Transcription of article published in the Primitive Methodist Magazine by H Bickerstaffe Kendall in the series “One Hundred Years Ago”
THE Spring of 1812 was personally a trying time to Hugh Bourne—a time of disillusionment and disappointment. True, Primitive Methodism was successfully launched, but some of his hopes had suffered shipwreck, and some persons of both sexes had belied his trust. The popular estimate of Hugh Bourne as he was up to 1812 wants considerably modifying. It is an entire mistake to suppose that he was so made as to be inaccessible to the usual tender sentiments, and that he was marked out by nature for celibacy. No one, as Dr. W. Antliff has observed, can read Hugh Bourne’s Journals, and note the significant connection of the shorthand entries there, and rest satisfied with this opinion. His heart was seated in the usual place, and was quite as tender and impressionable as the heart of other men. A young woman fair to look upon, and, above all, pious, intelligent, modest and circumspect in her demeanour, appealed to, and drew out, the best that was in him, as the fine letter to Miss Ward on Spiritual Atmosphere remains to testify.
At the time of which we write, Hugh Bourne had but just emerged from the trouble and confusion caused by the clever Mrs. Dunnell, when trouble of a still more personal kind befell him. Hannah Mountford was married to James Crawfoot. Wedgwood, the writer of “Staffordshire: Up and down the County,” gives an outside view of this event. “Bourne had rather a handsome servant at Bemersley, and while the missionary Crawfoot was winning converts, the servant won the missionary, and after a short courtship they were married.” The marriage was a blow from an unexpected quarter; for it had always been understood that the widower “Old Man of the Forest” lightly esteemed wedlock in comparison with the celibate state. But it was not because Crawfoot had married that the blow struck home, but because he had married Hannah Mountford, for whom Hugh Bourne had come to have a tender regard. There is reason to believe that it was to her he had proposed at the class meeting. Unskilled in the arts of courtship employed by “the children of this world,” Hugh Bourne had not pressed his suit, and now Hannah Mountford was lost to him for ever. The writer already named goes on to say, what is quite true, that this unforeseen event created an estrangement between the accepted and rejected suitor. Other causes came in to widen the regrettable breach, and in 1813 Crawfoot withdrew from the Connexion.

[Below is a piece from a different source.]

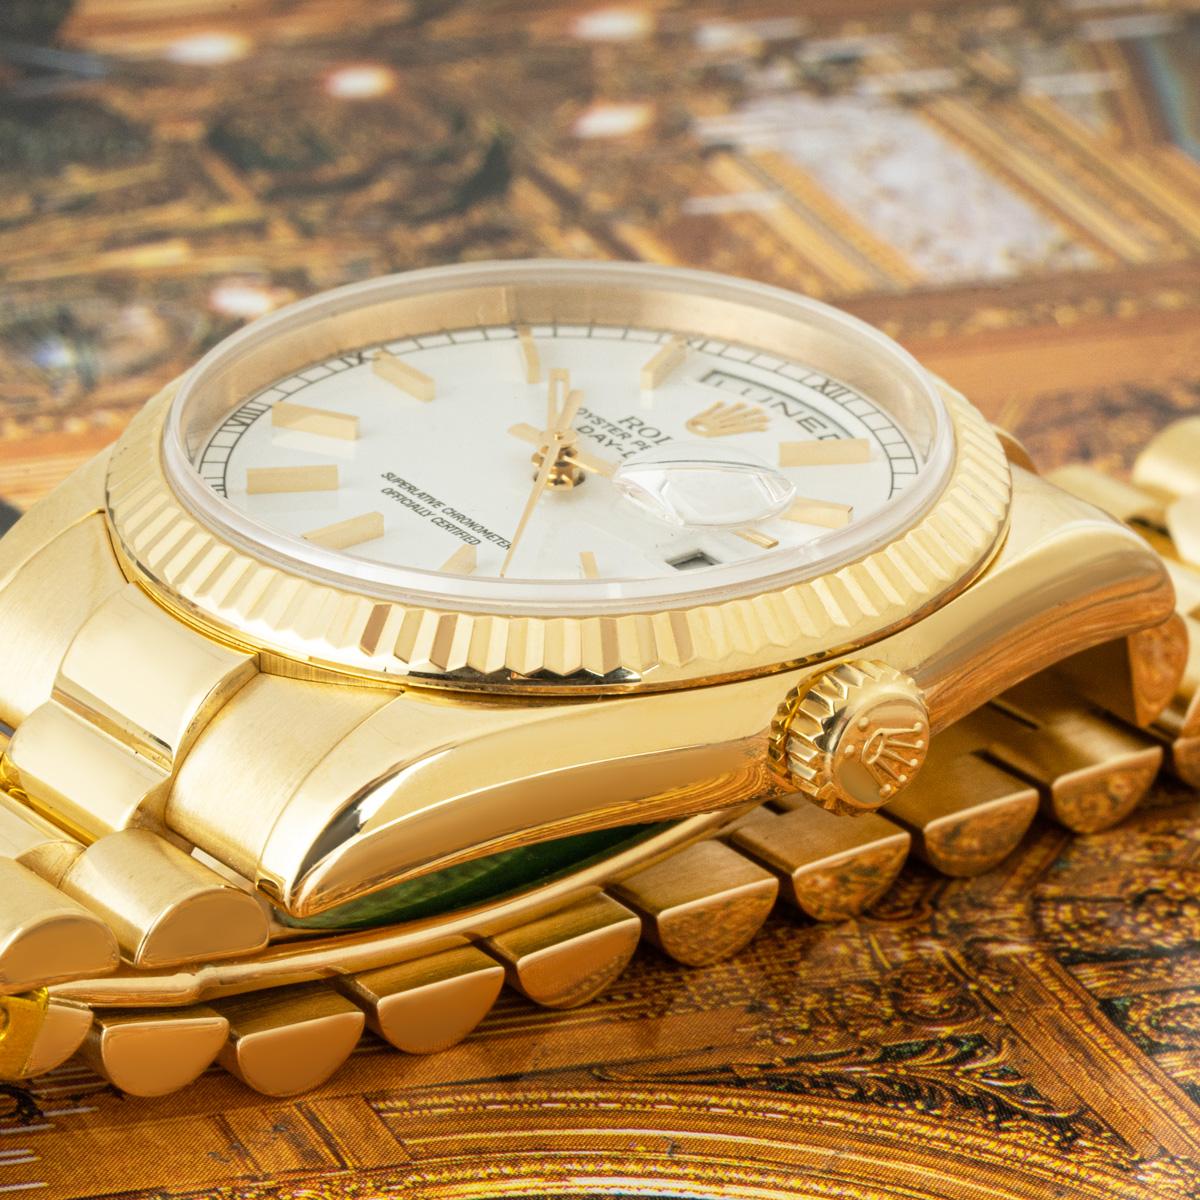 A yellow gold 36mm Day-Date by Rolex. Featuring a white dial with applied hour markers as well as roman numerals on the outer circumference of the dial and a yellow gold fluted bezel. The president bracelet is set with a concealed Crownclasp. Fitted

An unforced and interesting parallel might be drawn between: John Wesley and Hugh Bourne in their early affairs of the heart. If Miss Ward was Bourne’s “Varanese,” and Mrs. Dunnell his sinister Mrs. Hawkins, then Hannah Mountford was his Sophia Christiana Hopkey. Only there was this great difference between them: Wesley put down in his secret Journal all that related to the course and tragic ending of his crossing in love, and we can read all about it in the first volume of the Standard edition of the Journal. But Bourne’s sensitive spirit shrank from making a confidant even of his Journal. As he could not write truly there, and make no mention of what meant so much to him, he would not write at all. This we believe is one of the chief reasons why we have the puzzling break from Feb. 13th, 1812, to Feb. 7th, 1813, in the carefully kept Journal of the most methodical of men. In that gap a romance is hidden.